A Igreja é mãe e mestra, sempre acolhedora e portadora dos ensinamentos de Cristo. Está presente com suas paróquias e comunidades, seja para estender a mão aos mais desvalidos, seja para levar o Evangelho a toda criatura. Em Brasília, posso atestar que o trabalho da arquidiocese foi e continua a ser muito intenso, na evangelização do povo, que é seu primeiro dever, e na busca de melhorias para toda a população, dando atenção a todos e, em especial, às comunidades novas que surgem.
O que o senhor acha da orientação do papa Francisco sobre a bênção para casais homossexuais?
Creio que a Igreja, com esse documento aprovado pelo papa Francisco, busca ser acolhedora e misericordiosa. Ela vem ao encontro do pecador em qualquer situação irregular e, ao mesmo tempo, esclarece mais uma vez a grandeza do sacramento do matrimônio.
Podemos falar tudo deste ano de 2023, menos que foi monótono. O que apreender desses quase 365 dias? Que lição 2023 deixa?
Este ano de 2023 deixa um alerta de que, se olharmos só para nossos interesses egoísticos, deixando-nos dominar por eles, continuaremos tendo conflitos e divisões entre nações, no nosso interno do Brasil e, até, na Igreja, trazendo, como consequência, intolerância e polarizações.
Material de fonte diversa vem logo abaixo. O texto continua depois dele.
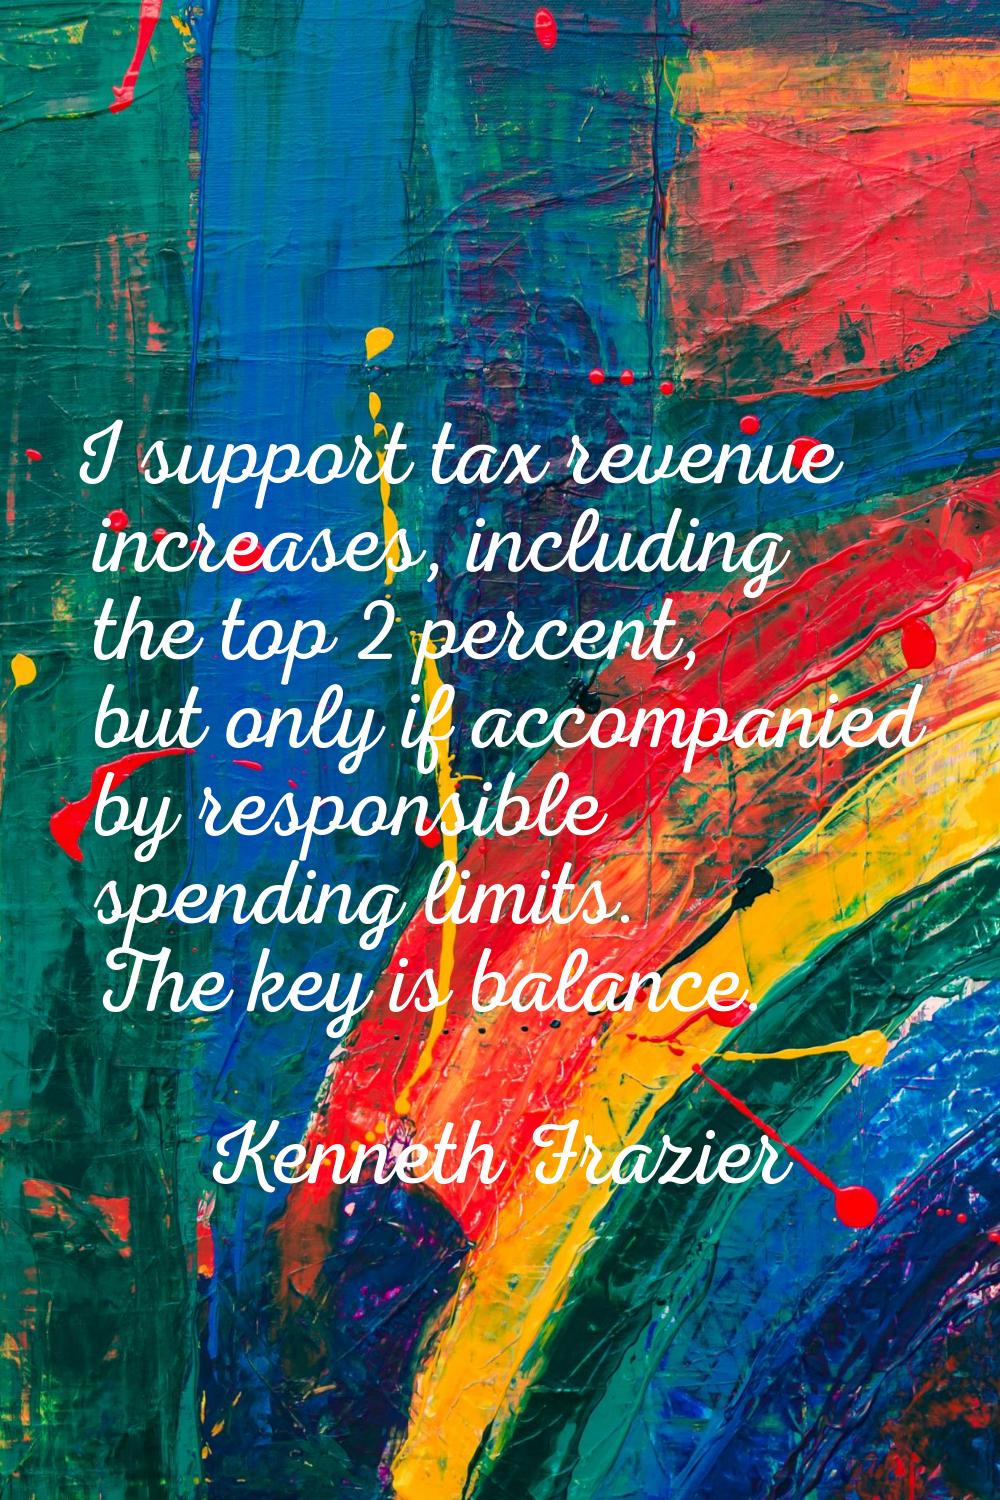 I support tax revenue increases, including the top 2 percent, but only if accompanied by responsibl

O egoísmo me cega diante do próximo, fazendo-me buscar somente vantagens a meu favor ou de grupos. O Natal de Nosso Senhor foi vir até nós com humildade para o nosso bem. Buscou unir o divino ao humano, um rei que se fez servo e que nunca usou de sua condição divina em benefício próprio, mas fez-se doação e entrega, humilde e simples. Eis o modelo a seguir em qualquer seguimento da humanidade.